Go to the SolidityBench leaderboard on Hugging Face to study extra and start benchmarking Solidity technology fashions.

🤖 High AI Crypto Property

View AllMentioned on this article

[ad_2]

Source link

Tags: CodecontractGPTModelOpenAIRankedsmartSolidityWriting
Previous Post

Google’s AI Podcast Creator Goes Viral: A New Era of Content

Next Post

Critical areas for productivity gains with data and AI

Next Post
Critical areas for productivity gains with data and AI

Critical areas for productivity gains with data and AI

Why Are Ethereum ETFs Underperforming? Bitwise CEO Reveals

Why Are Ethereum ETFs Underperforming? Bitwise CEO Reveals

Bucket Protocol on Sui Eyes Record $30M in TVL

Bucket Protocol on Sui Eyes Record $30M in TVL

Leave a Reply Cancel reply

Your email address will not be published.
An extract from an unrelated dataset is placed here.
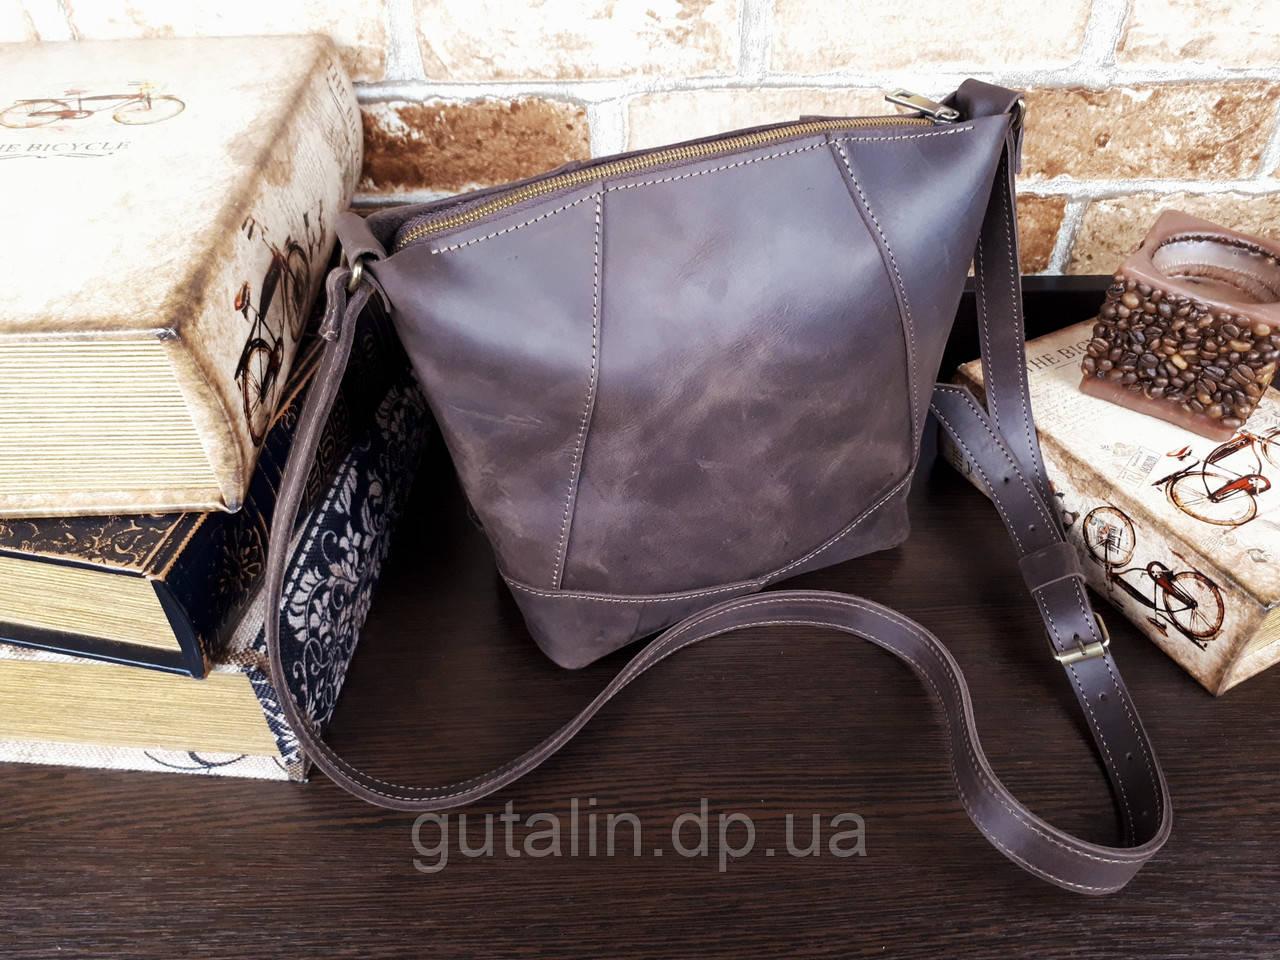 Женская сумка ручной работы из натуральной кожи Comfort цвет коричневый
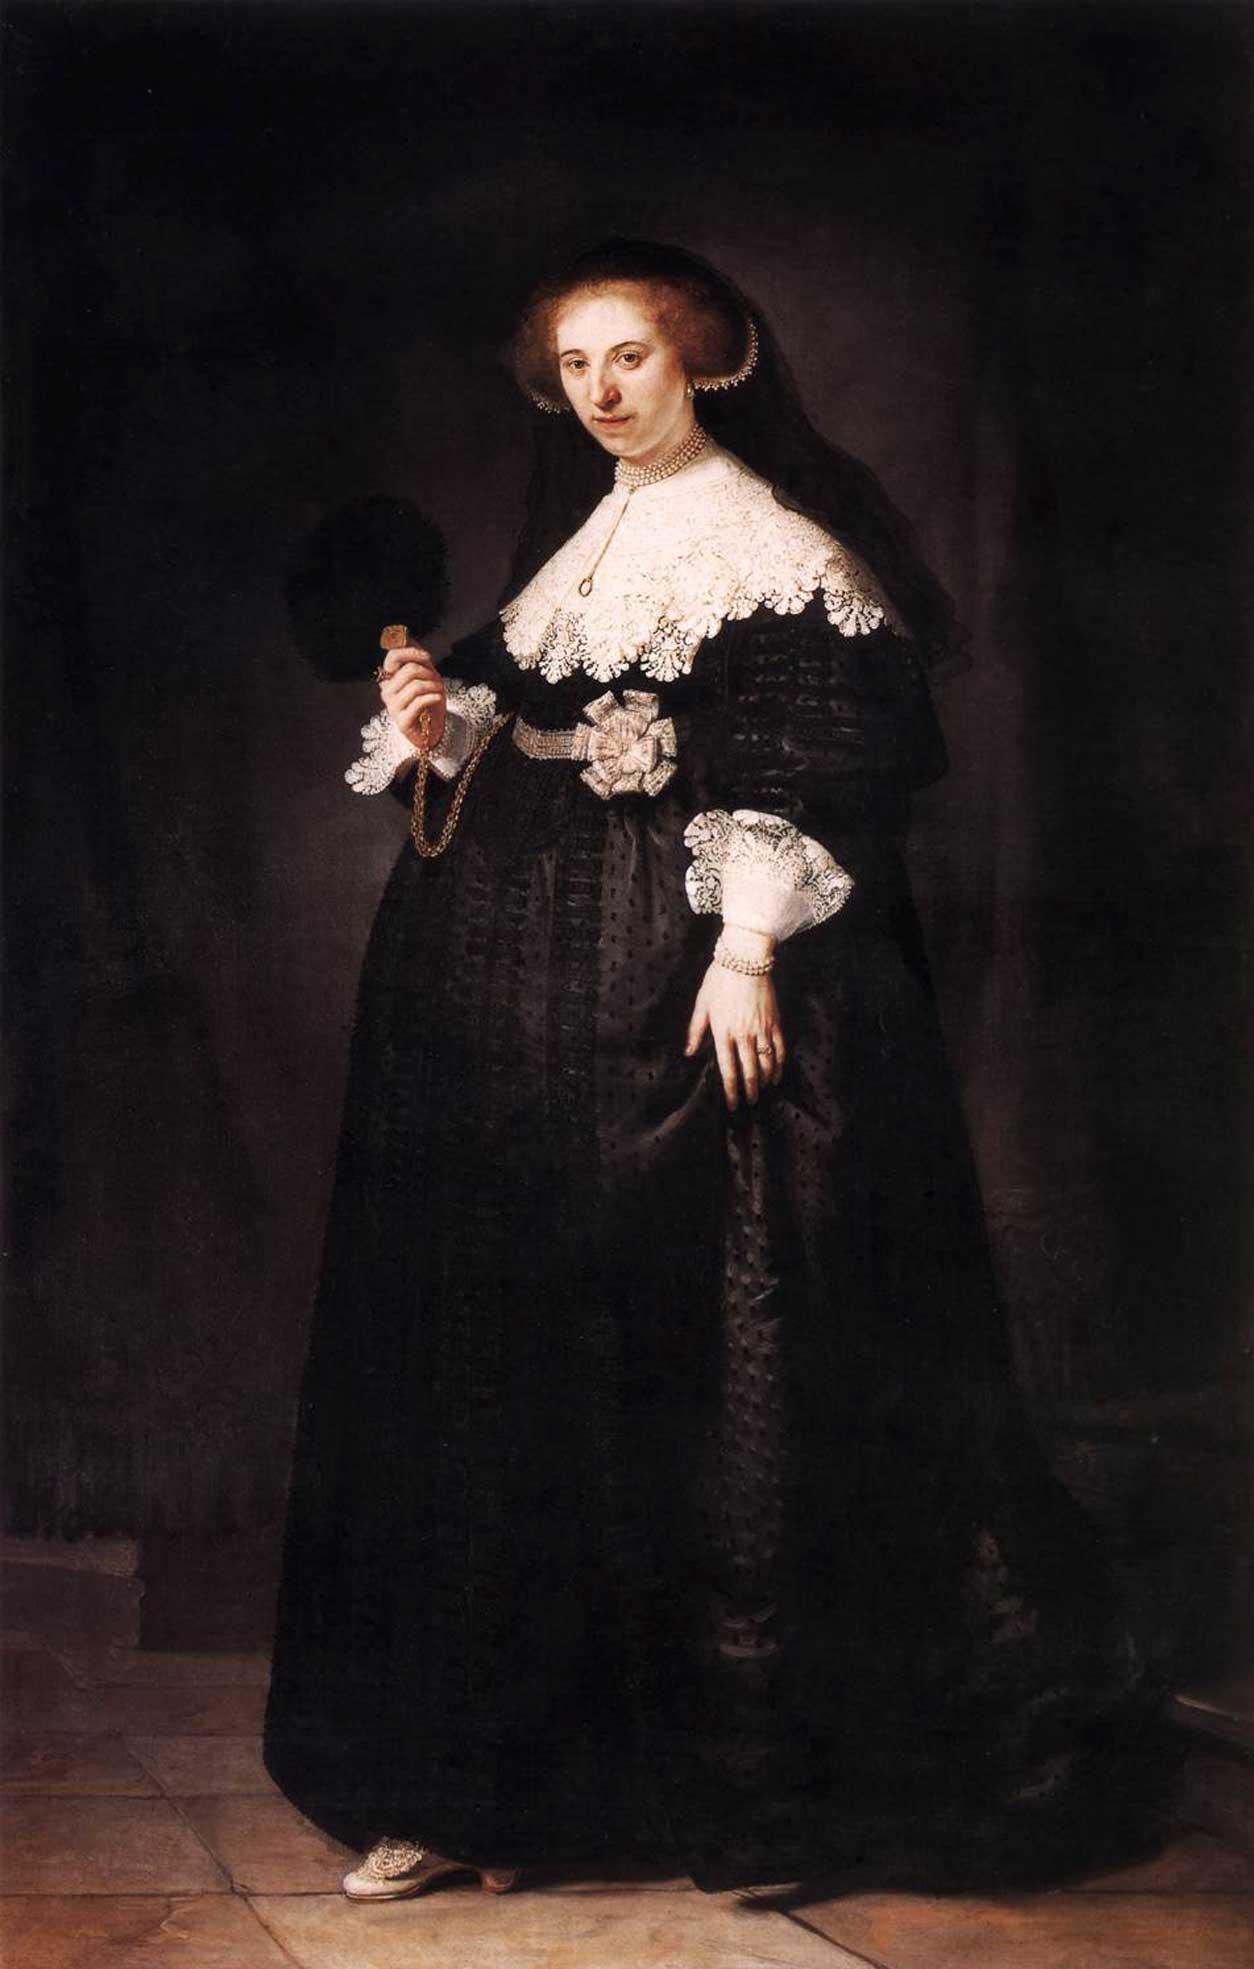 Retrato de Oopjen Coppit de Rembrandt

Required fields are marked *

Social icon element need JNews Essential plugin to be activated.

CATEGORIES

  • Analysis
  • Artificial Intelligence
  • Blockchain
  • Crypto/Coins
  • DeFi
  • Exchanges
  • Metaverse
  • NFT
  • Scam Alert
  • Web3
No Result
View All Result

SITEMAP

  • About us
  • Disclaimer
  • DMCA
  • Privacy Policy
  • Terms and Conditions
  • Cookie Privacy Policy
  • Contact us

Copyright © 2024 Digital Currency Pulse.
Digital Currency Pulse is not responsible for the content of external sites.

No Result
View All Result
  • Home
  • Crypto/Coins
  • NFT
  • AI
  • Blockchain
  • Metaverse
  • Web3
  • Exchanges
  • DeFi
  • Scam Alert
  • Analysis
Crypto Marketcap

Copyright © 2024 Digital Currency Pulse.
Digital Currency Pulse is not responsible for the content of external sites.